Superionic Conduction in K 3 SbS 4 Enabled by Cl-Modified Anion Lattice.

All-solid-state potassium batteries emerge as promising alternatives to lithium batteries, leveraging their high natural abundance and cost-effectiveness. Developing potassium solid electrolytes (SEs) with high room-temperature ionic conductivity is critical for realizing efficient potassium batteries. In this study, we present the synthesis of K 2.98 Sb 0.91 S 3.53 Cl 0.47 , showcasing a room-temperature ionic conductivity of 0.32 mS/cm and a low activation energy of 0.26 eV. This represents an increase of over two orders of magnitude compared to the parent compound K 3 SbS 4 , marking the highest reported ionic conductivity for non-oxide potassium SEs.
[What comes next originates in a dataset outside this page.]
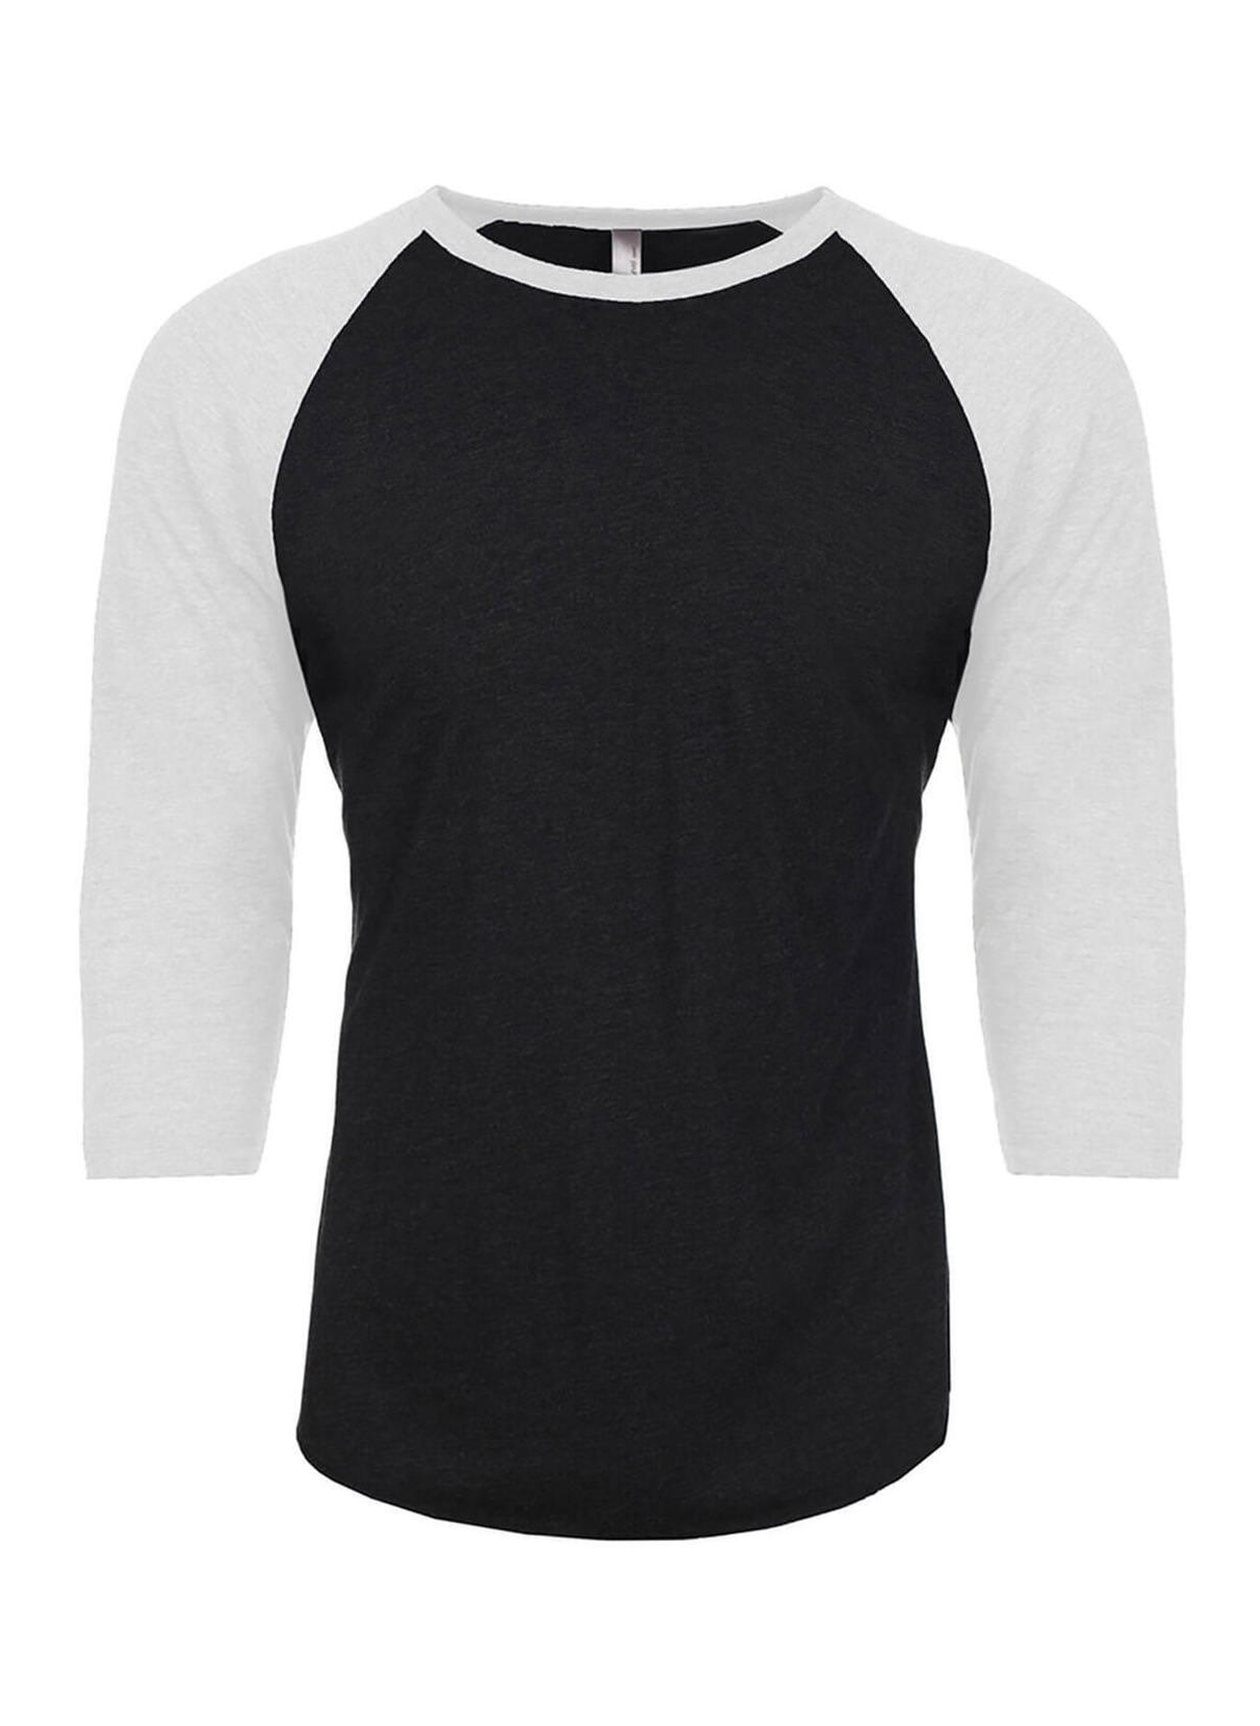 Next Level Men's Heather White / Vintage Black Unisex Triblend 3/4-Sleeve Raglan T-Shirt
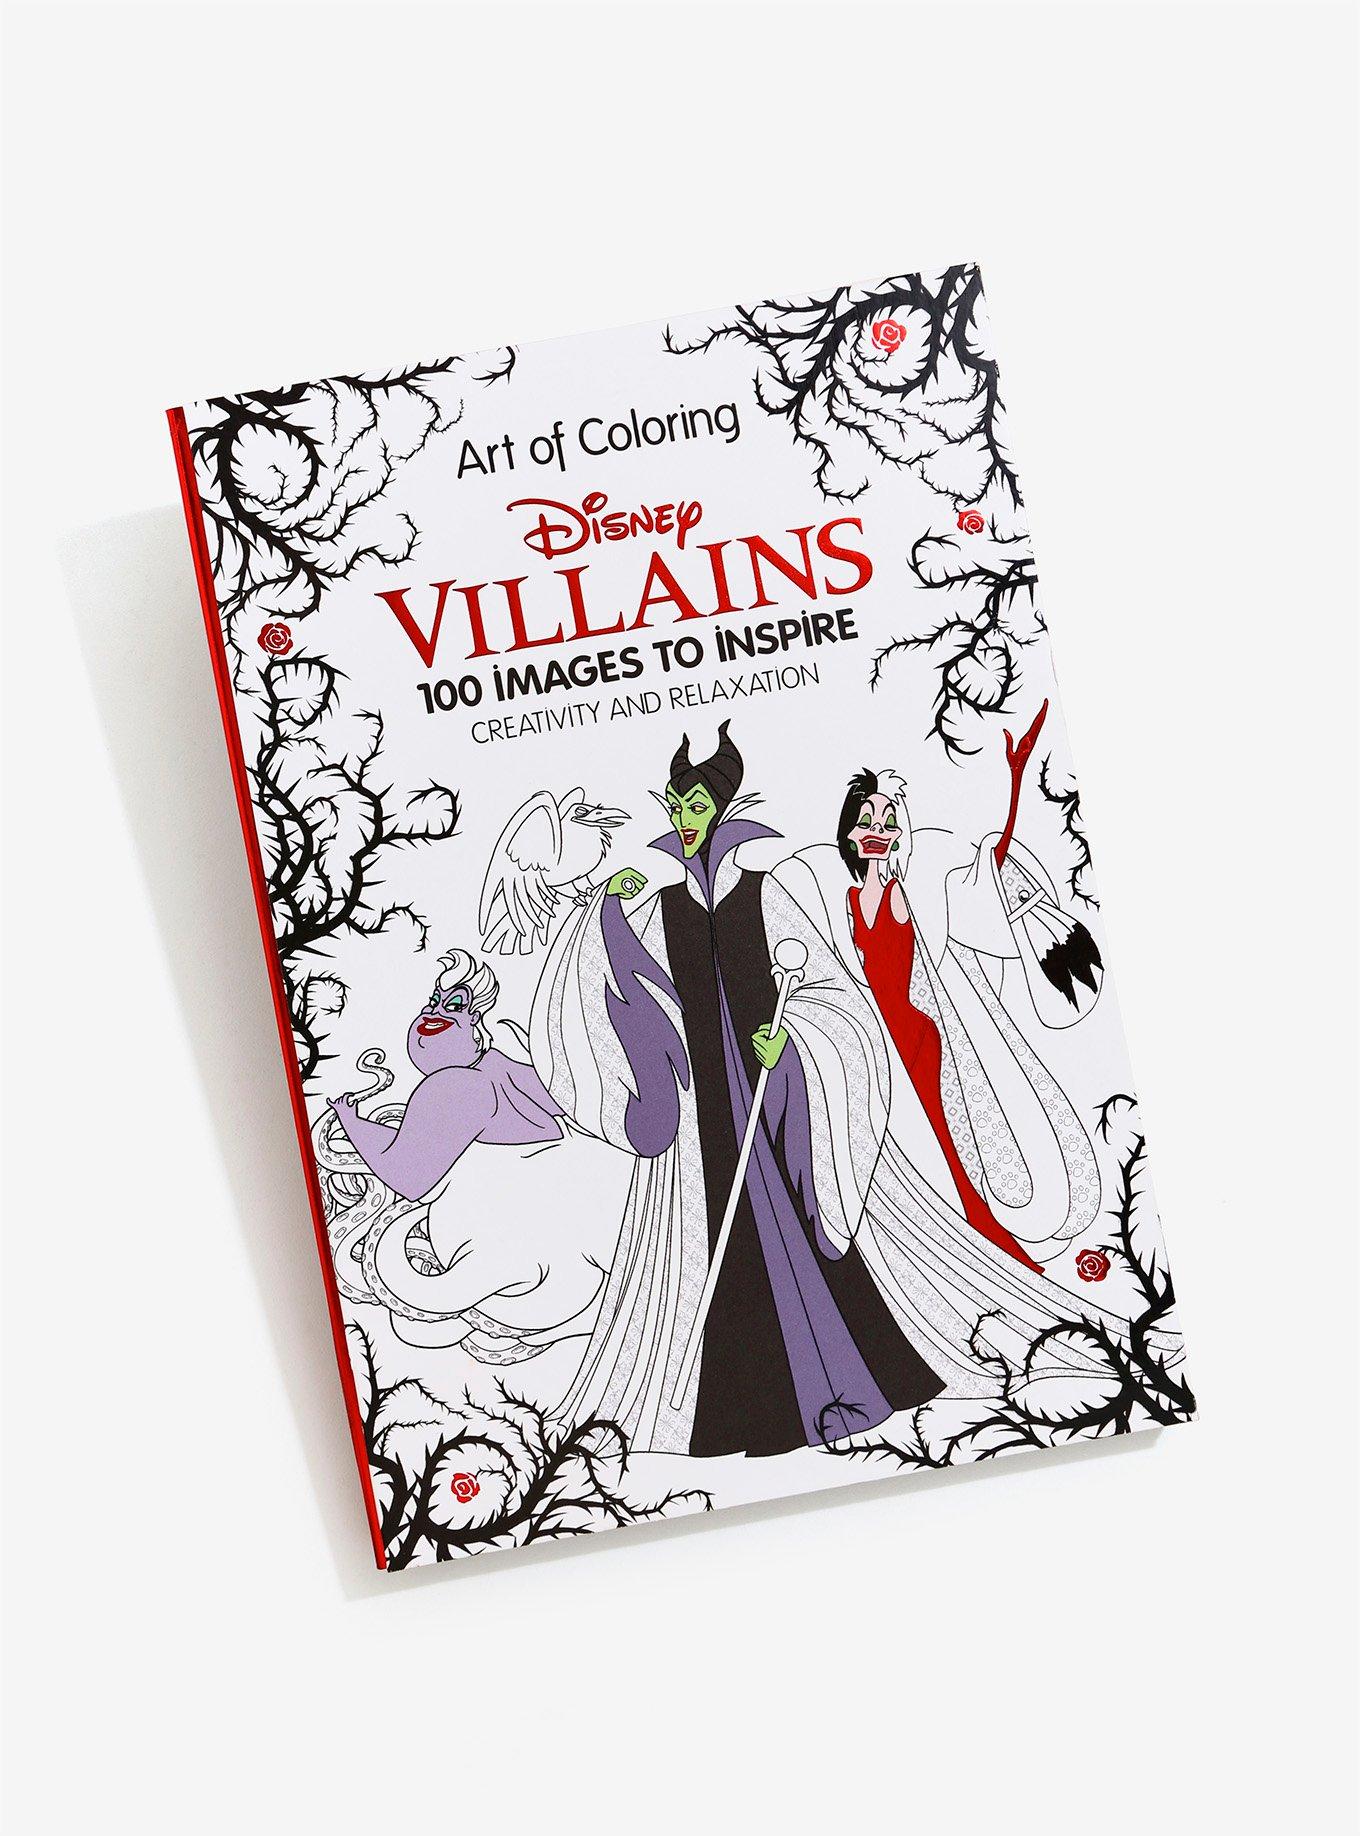 Disney Villains: The Art of Coloring Book

Solid-state 39 K magic-angle-spinning nuclear magnetic resonance on K 2.98 Sb 0.91 S 3.53 Cl 0.47 reveals an increased population of mobile K + ions with fast dynamics. Ab initio molecular dynamics (AIMD) simulations further confirm a delocalized K + density and significantly enhanced K + diffusion. This work demonstrates diversification of the anion sublattice as an effective approach to enhance ion transport and highlights K 2.98 Sb 0.91 S 3.53 Cl 0.47 as a promising SE for all-solid-state potassium batteries.